### INFORMATION SHOWN
* * *
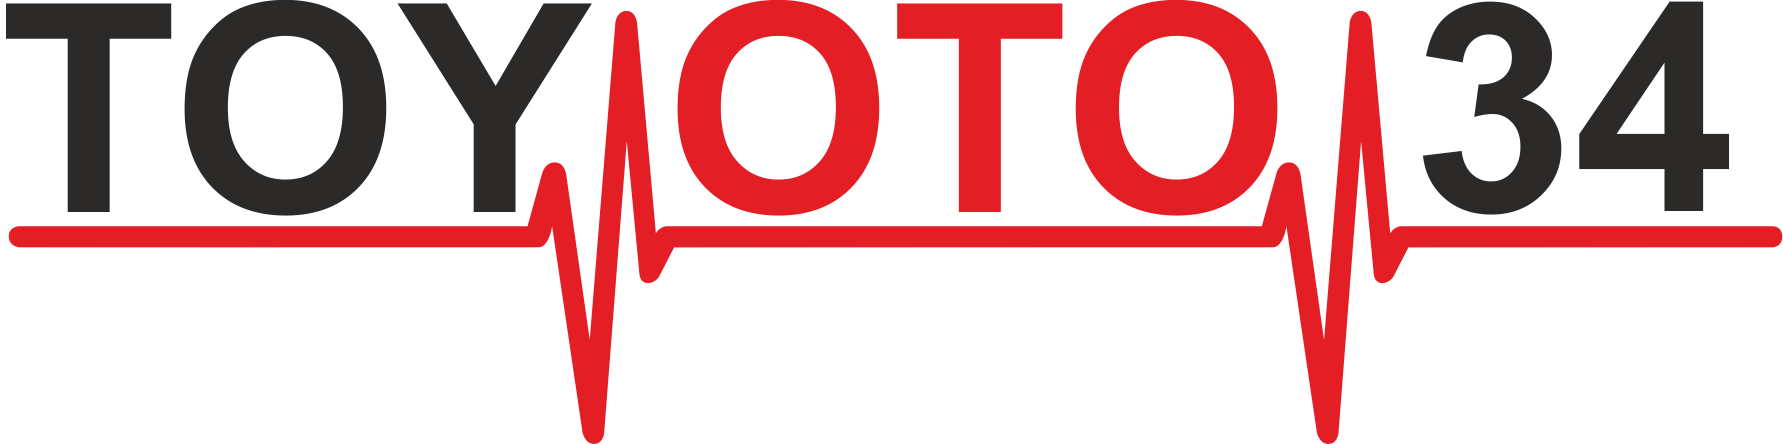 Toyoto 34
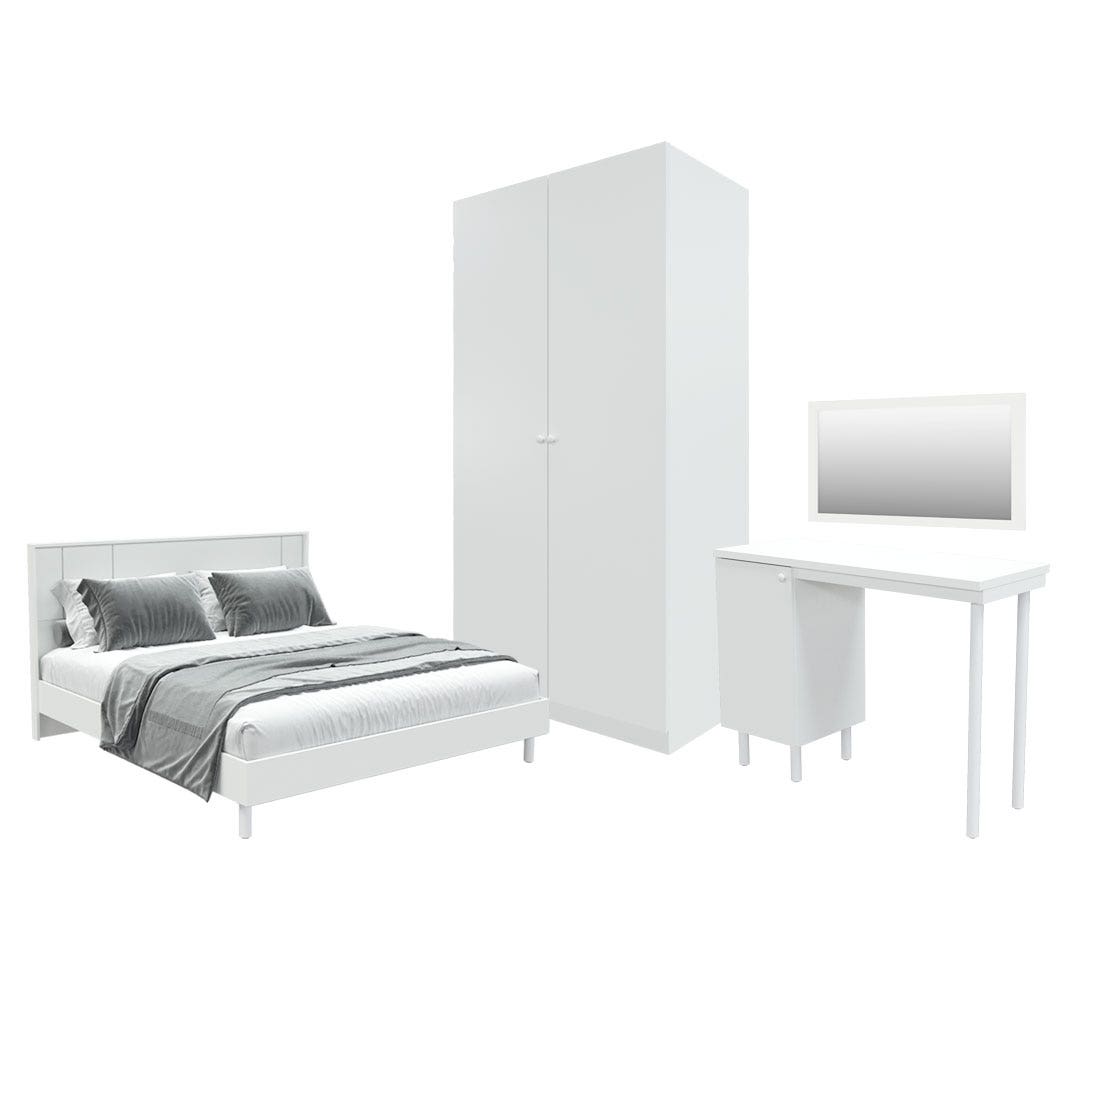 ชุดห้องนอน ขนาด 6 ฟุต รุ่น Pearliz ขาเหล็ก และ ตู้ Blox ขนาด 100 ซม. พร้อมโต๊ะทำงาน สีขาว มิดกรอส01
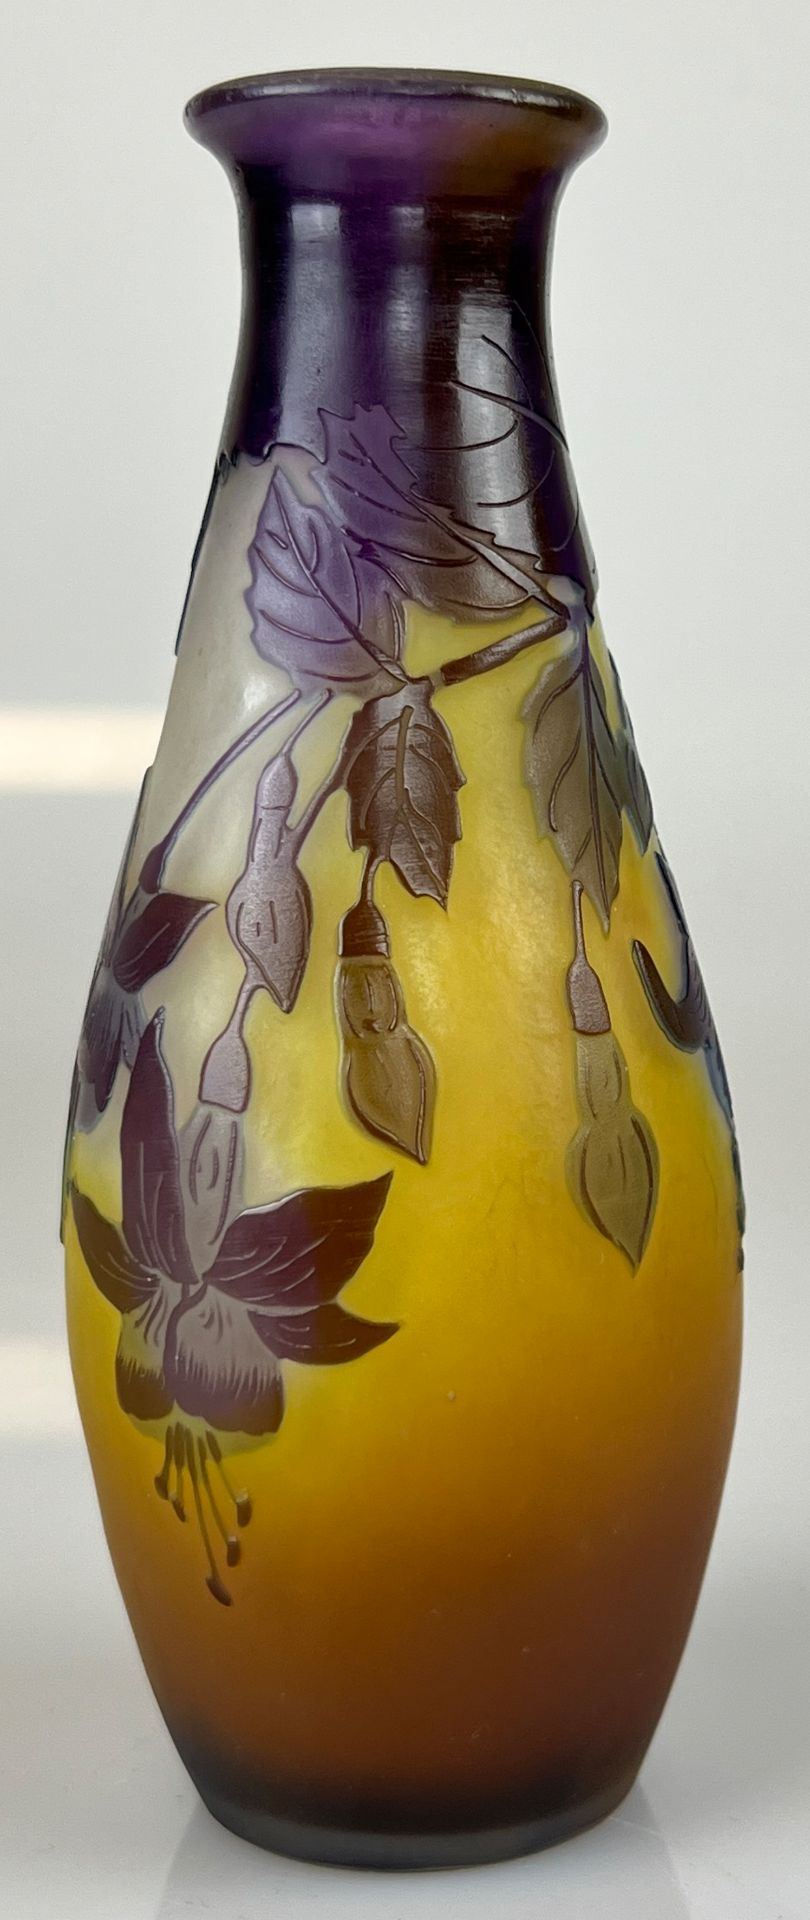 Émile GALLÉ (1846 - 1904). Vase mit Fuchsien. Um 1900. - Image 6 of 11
* * *
### WHAT THE TASK REQUIRES
Write the listing out again in full and unchanged, minus any pictures.

### SOLUTION FOR THIS EXERCISE
 Toyoto 34
 ชุดห้องนอน ขนาด 6 ฟุต รุ่น Pearliz ขาเหล็ก และ ตู้ Blox ขนาด 100 ซม. พร้อมโต๊ะทำงาน สีขาว มิดกรอส01
 Émile GALLÉ (1846 - 1904). Vase mit Fuchsien. Um 1900. - Image 6 of 11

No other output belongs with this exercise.